Jackals – Violence Is… (Hardware Records)
I must live a very sheltered existence because Norwich’s Jackals still feel like UKHC’s best kept secret. And that can’t possibly be true, can it? Formed in 2010 and with a veritable shit-ton of records (and countless shitty words from me on the subject) under their belt, they’re still vomiting out music that will kick you in the brain and leave you face down in a puddle of tramp’s piss. Sitting somewhere between English boot-boy Oi! and the murderous sounds of your average Youth Attack band (think Hoax meets The Flex, if you like), Jackals channel social-political rage and emerge with a sound that is leaner than Christian Bale in that shit movie about boxing and twice as feral as a pitbull with a firework up his arsehole. The production is ragged and fucked, like its fraying at the egdes and falling to bits, which suits Jackal’s acidic attack perfectly while the songwriting keeps it simple- no flashy nonsense, just all violence; creating an ideal playground for the dual vocal work of Jack Pitt and Wes Brown to smash into each other like juiced-up wrestlers. Listen to this and punch something to bits.
Dads – I’ll Be The Tornado (6131 Records)

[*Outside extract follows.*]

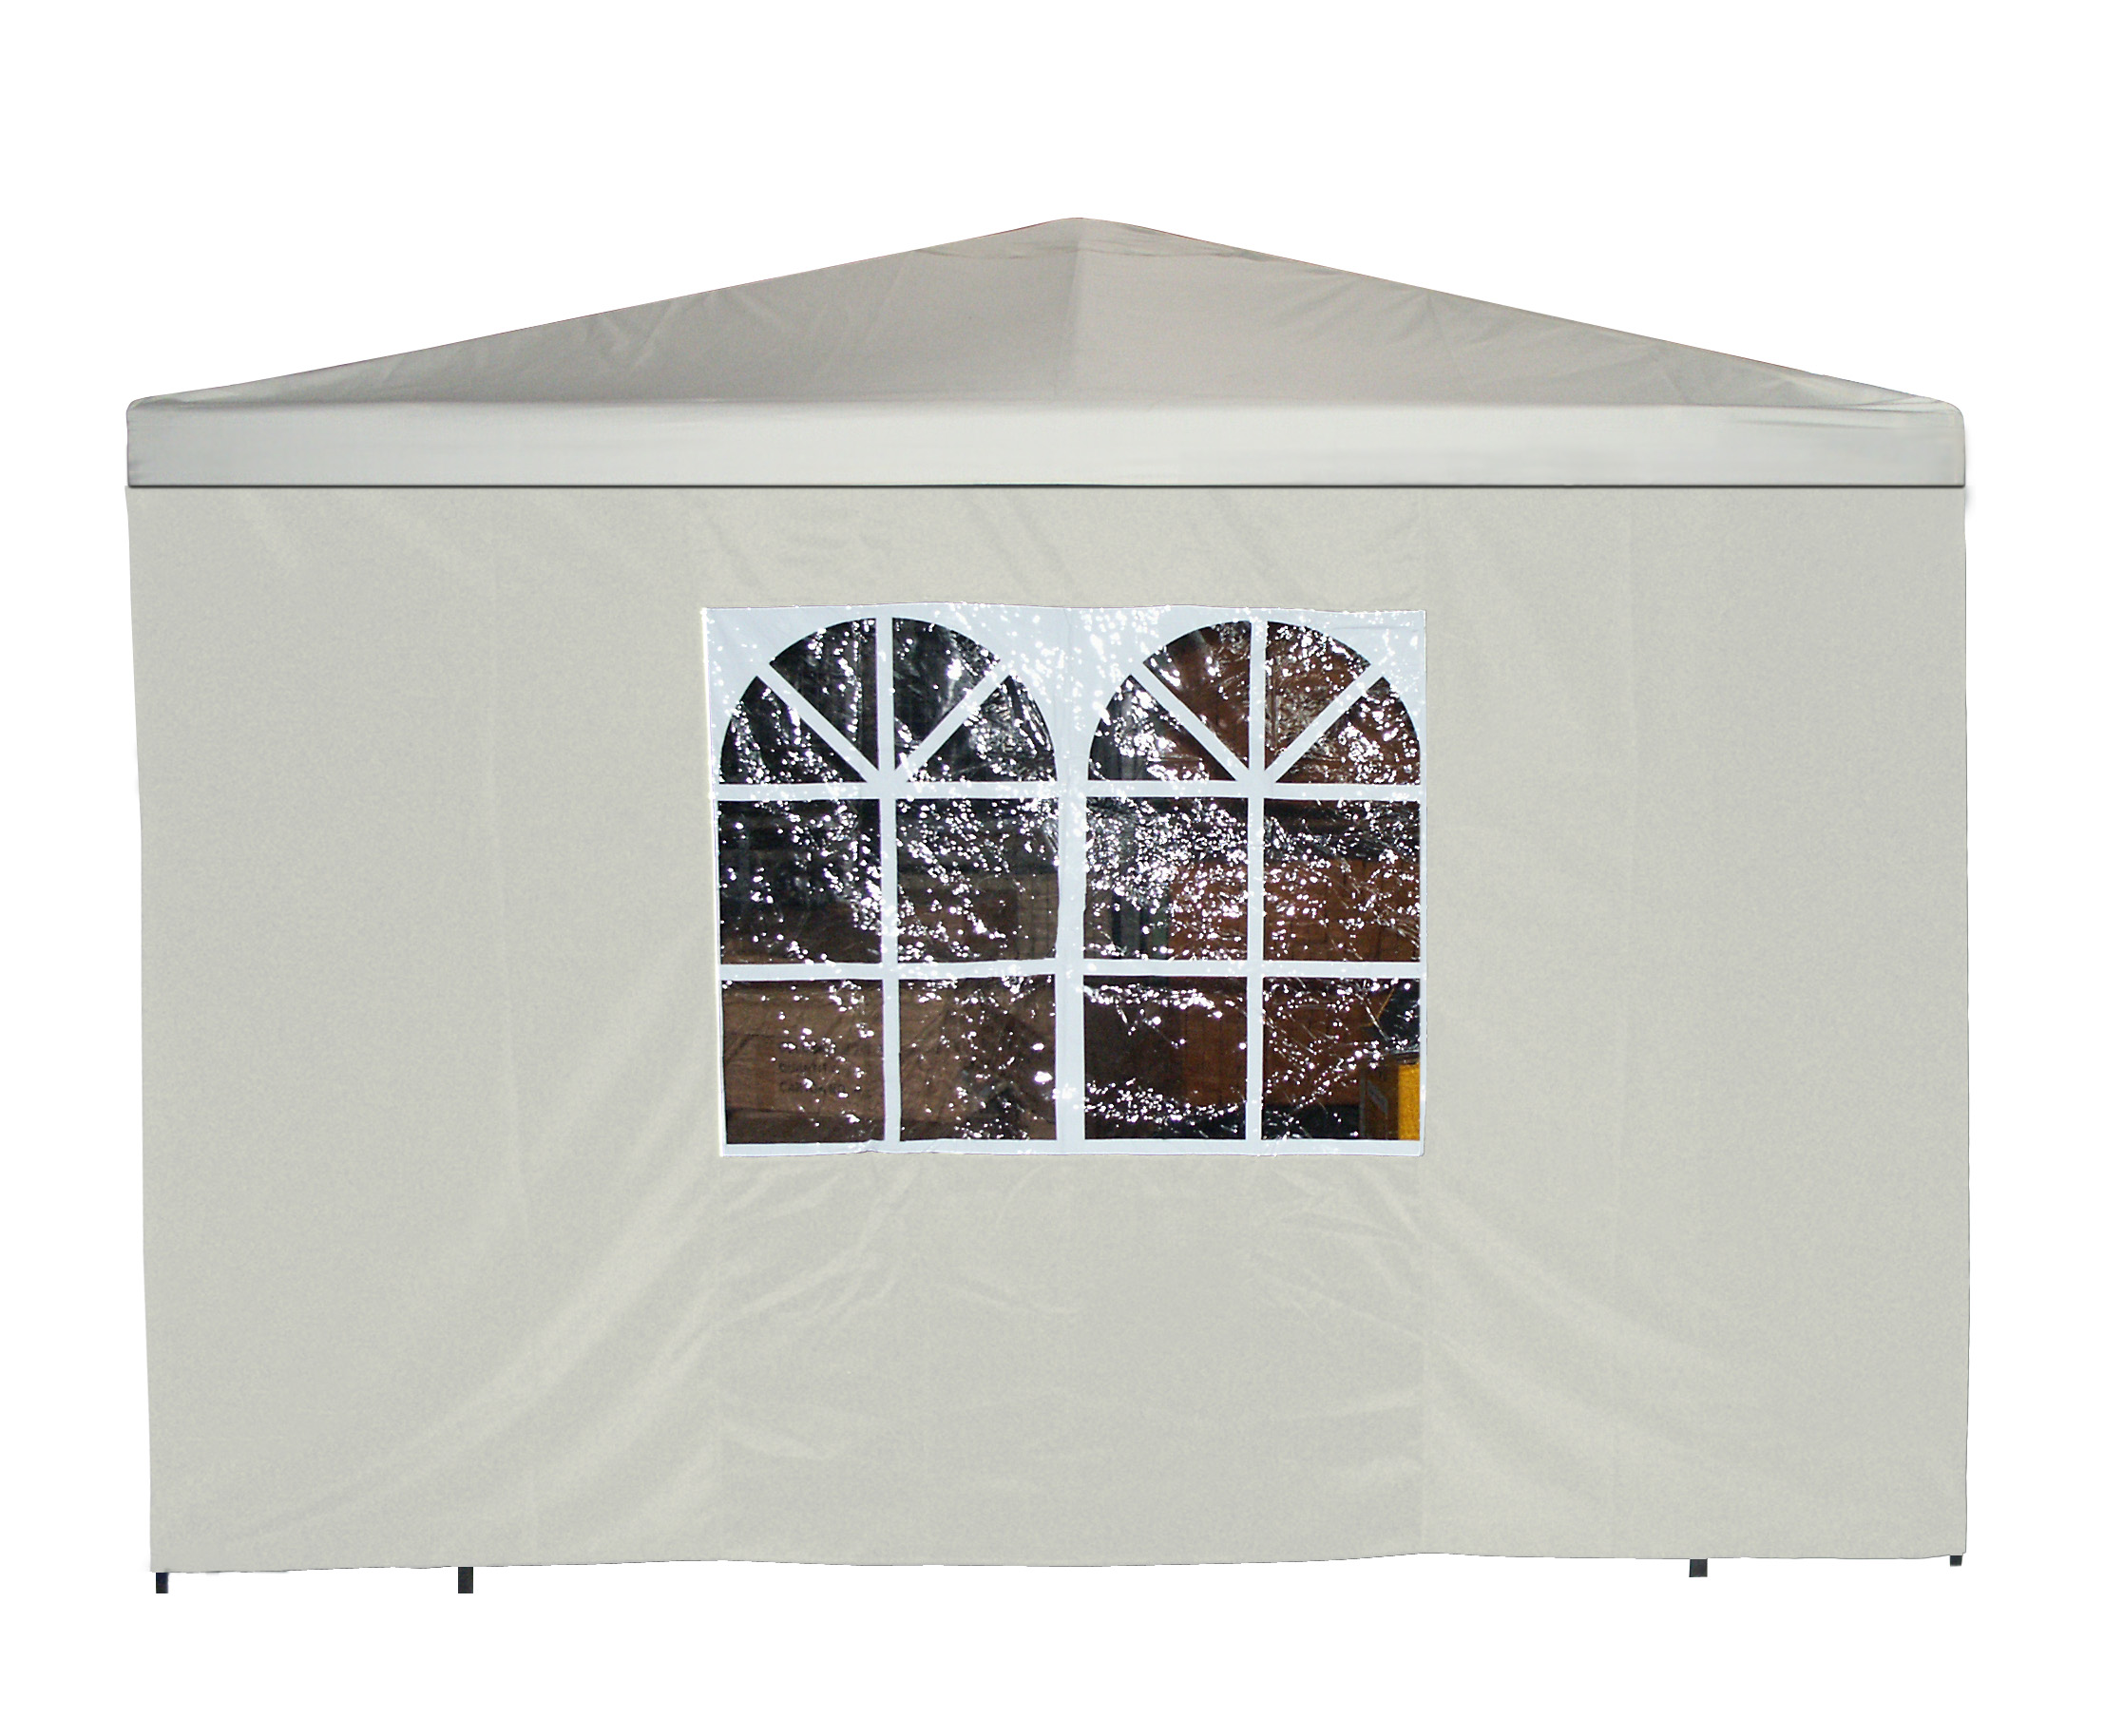 Seitenplane für Pavillon, 3x1,9 Meter, Polyester ecru mit Fenster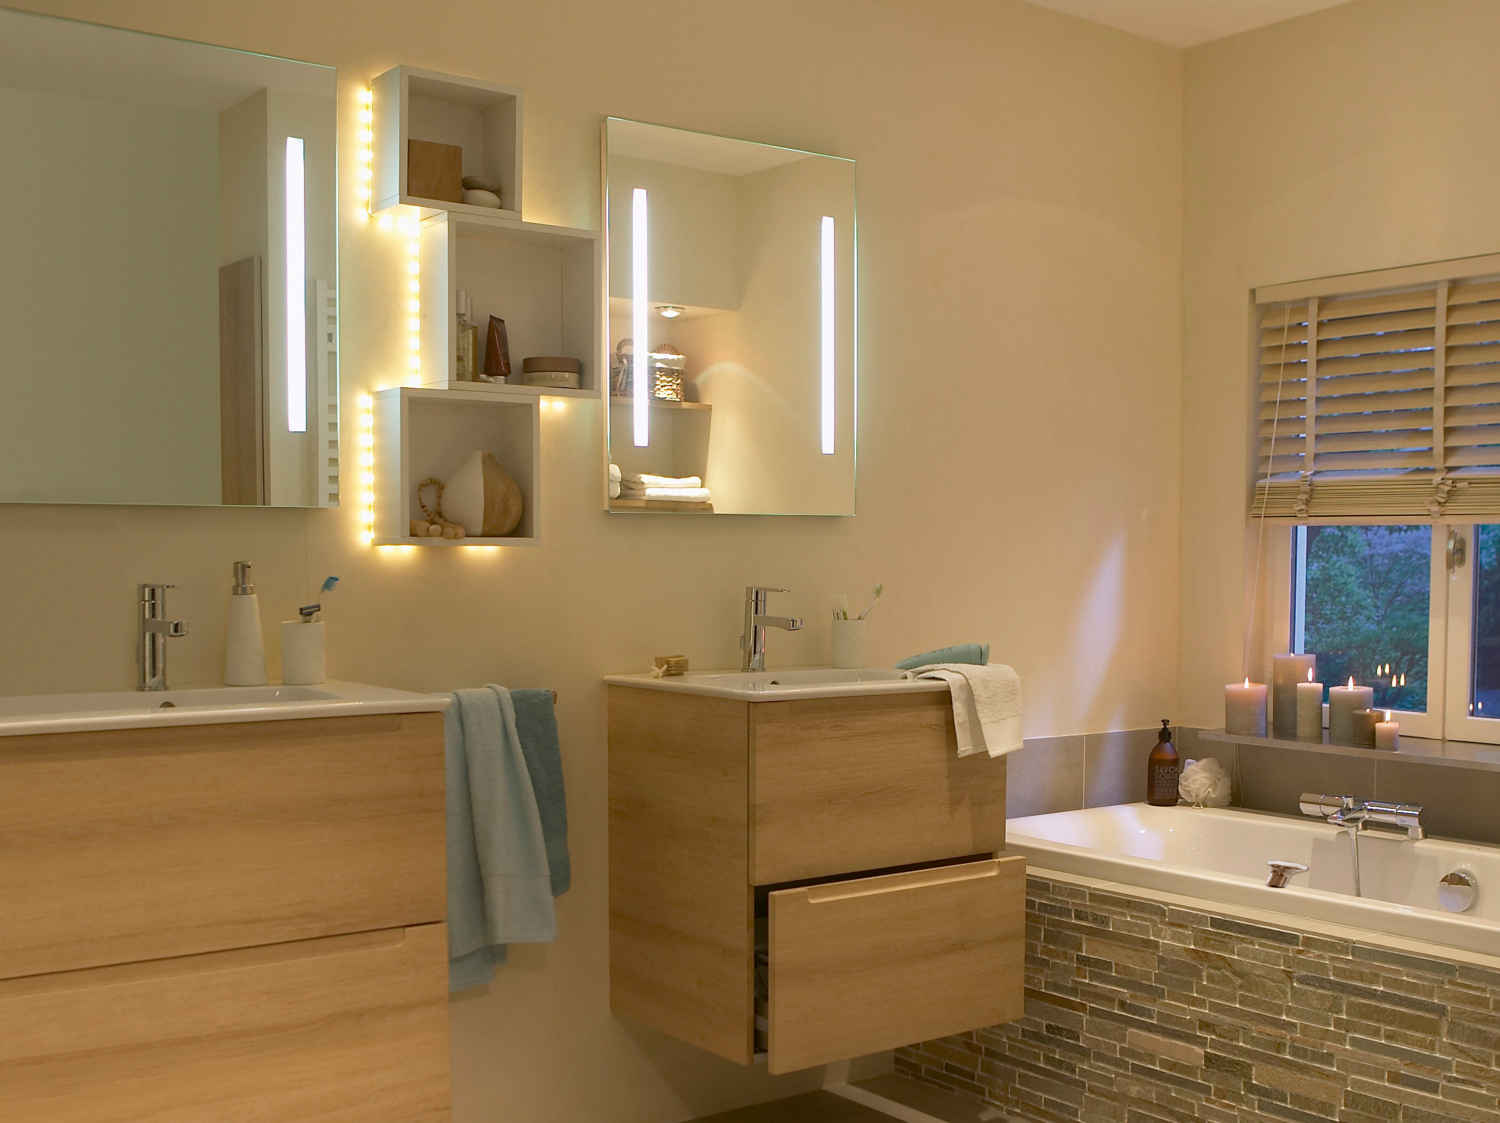 Éclairage LED de salle de bain – Luminaires intérieurs pour pièce d'eau

Potted history: wonderfully shambolic two-piece twinkly emo outfit from New Jersey release a great LP in 2012 and re-emerge two years later with a devastatingly powerful ability to write songs that make grown men cry. Got it? Ok. There’s a moment in the middle of ‘Fake Knees’, the third track on Dads phenomenal new record, where vocalist John Bradley seems to have an epiphany about just how much someone meant to him by listing their faults. It’s a slow burning confessional from the get-go; with Bradley recounting how he never gave the time that he perhaps should have done to this person, and the crushing guilt that comes when you realize this all too late. “How much time did I waste?” he asks. He starts to list: “And you were always there waiting, with your coffee breath, with your shitty eyes and your deep chest…’ and with each addition his voice soars and strains that little bit more; the guitar notes plucked that little bit harder. Stone cold realization hitting him square in the chest with each memory. I wrote a load of other notes about this record. A load of stuff about all the other moments like this that are peppered throughout its 40 minute running time. But i’ll just mention this one, Because it floors me every time. Record of the year? Record of the year. Simply stunning.